Today was a very exciting day. It is the first day of the Beer Advent calendar. I had the opportunity to open my first beer! It actually felt a bit like Christmas morning. Running down the stairs to see what had been left under the tree. Only this time it wasn’t socks or underwear, but BEER. I opened the first square on my calendar and pulled out the first beer. Lo and behold it was a special beer made specifically for the Calendar. Gød Advent is a bottle of fantastic extra-strong (10%) Winter Ale from Norwegian brewery Nønge Ø!
This brewery, located in Grimstad on the southern coast of Norway about 232 km from Oslo, is the largest supplier of craft beer in Norway and the first brewer of sake in Europe. The name, Nønge Ø, means “naked island”, a term used to describe the barren rocky outcroppings visible in the sea. In 2013 it was acquired by Hansa Borg Bryggerier who own a family of regional breweries in Norway: Hansa, Borg and Christanssand Bryggeri.

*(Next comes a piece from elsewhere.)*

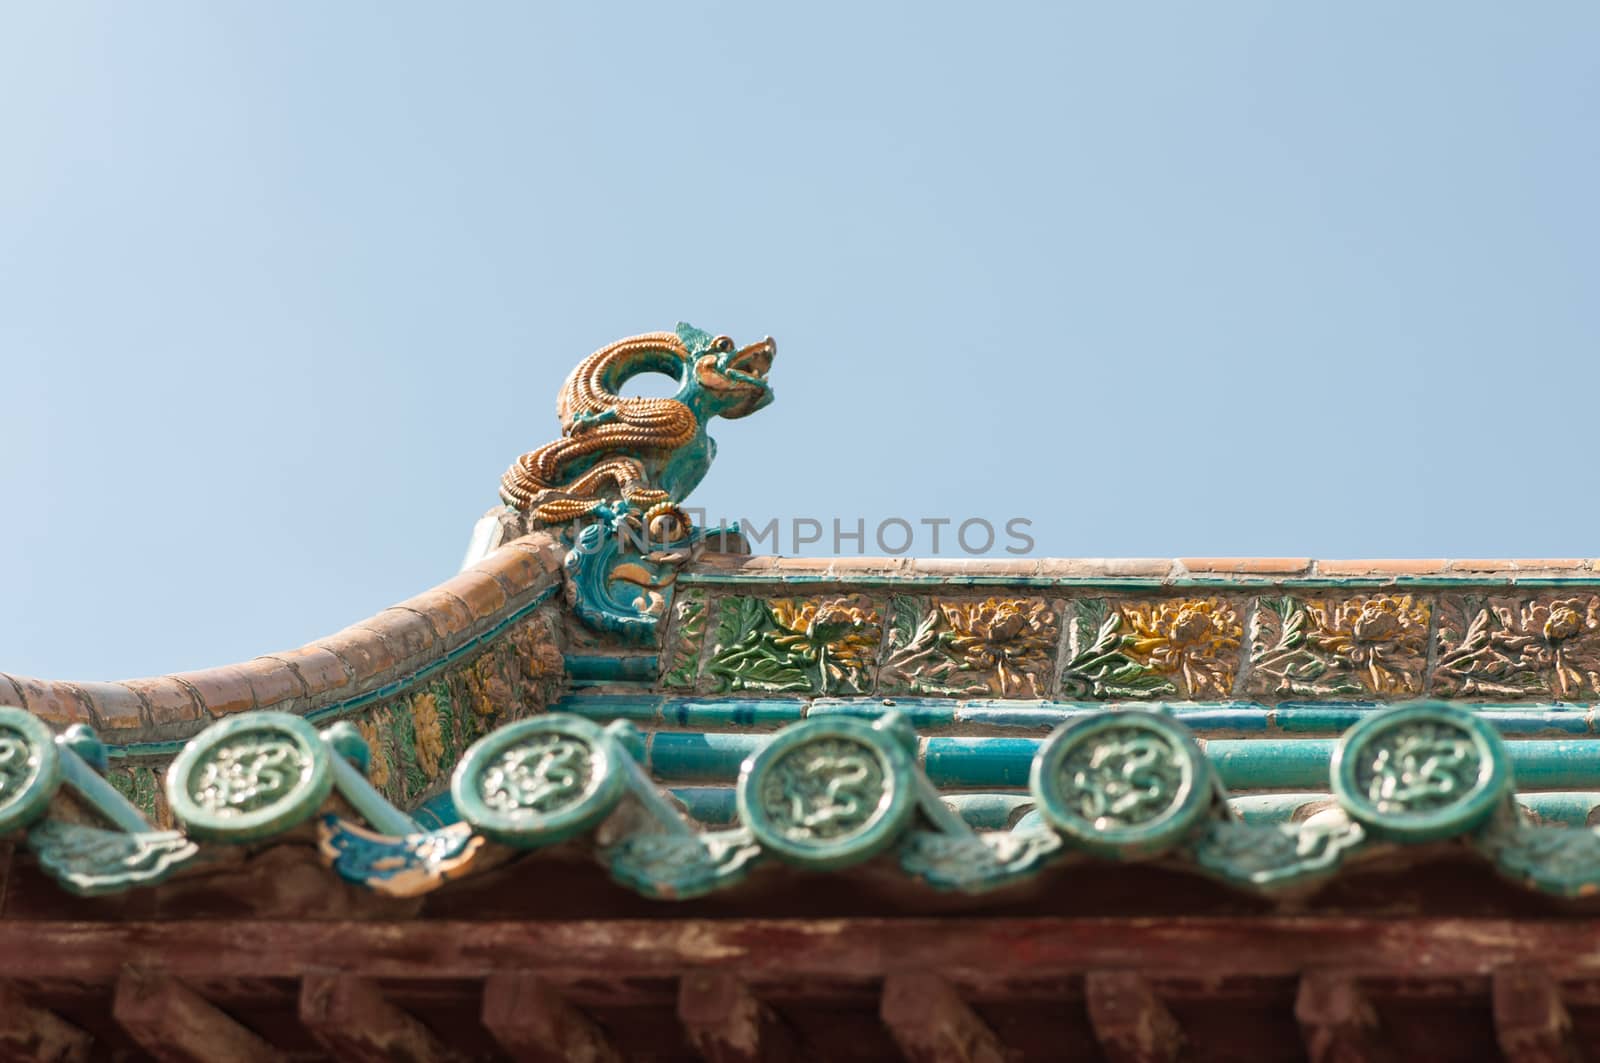 The horizontal view of the Chinese mythology dragon on the roof

Luckily the founder and head brewer who started Nønge Ø in 2003, Kjetil Jikiun, will maintain his position as head brewer. His passion and uncompromising mind for quality is what has allowed this brewery to grow from 300 hectare liters up to 3500 hectare liters in only 7 years. They produce over 20 different styles of ales and have a brilliant mind for flavor.
Now, onto the beer!
Gød Advent is a Winter Ale, also called a winter warmer. These styles of beer are traditionally malty-sweet strong ales that are brewed for the winter months. They are darker in color, not as dark as a stout, with a big malty presence. The alcohol content on these beers is typically quite high. This one is at the high end of the spectrum almost entering barley wine territory. You will often find these beers being spiced with traditional spices like nutmeg, cinnamon etc… but the real characteristic behind all these winter ales is that alcohol content.
Appearance: Nut brown and cloudy ale with minimal head and low retention.
Smell: Caramel notes with hints of chocolate and an acrid sweet smell.
Taste: Starts off bitter and melds into smooth caramel notes and deep malt
Mouth feel: Coarse like sandpaper on the tongue with a smooth swallow.
Overall: Excellent winter ale. Deep malty sweetness and not too overpowering despite 10%.
Do I like it: I am not usually a fan of winter ales as I prefer heavy hops to over heavy malt. The balance of bitterness on the front end moving into the malty sweetness is fantastic. I do like this beer.
What a great start to the beer advent calendar. Not typically my favorite style of beer, but Nønge Ø did a really outstanding job. I can’t wait to see what I get tomorrow!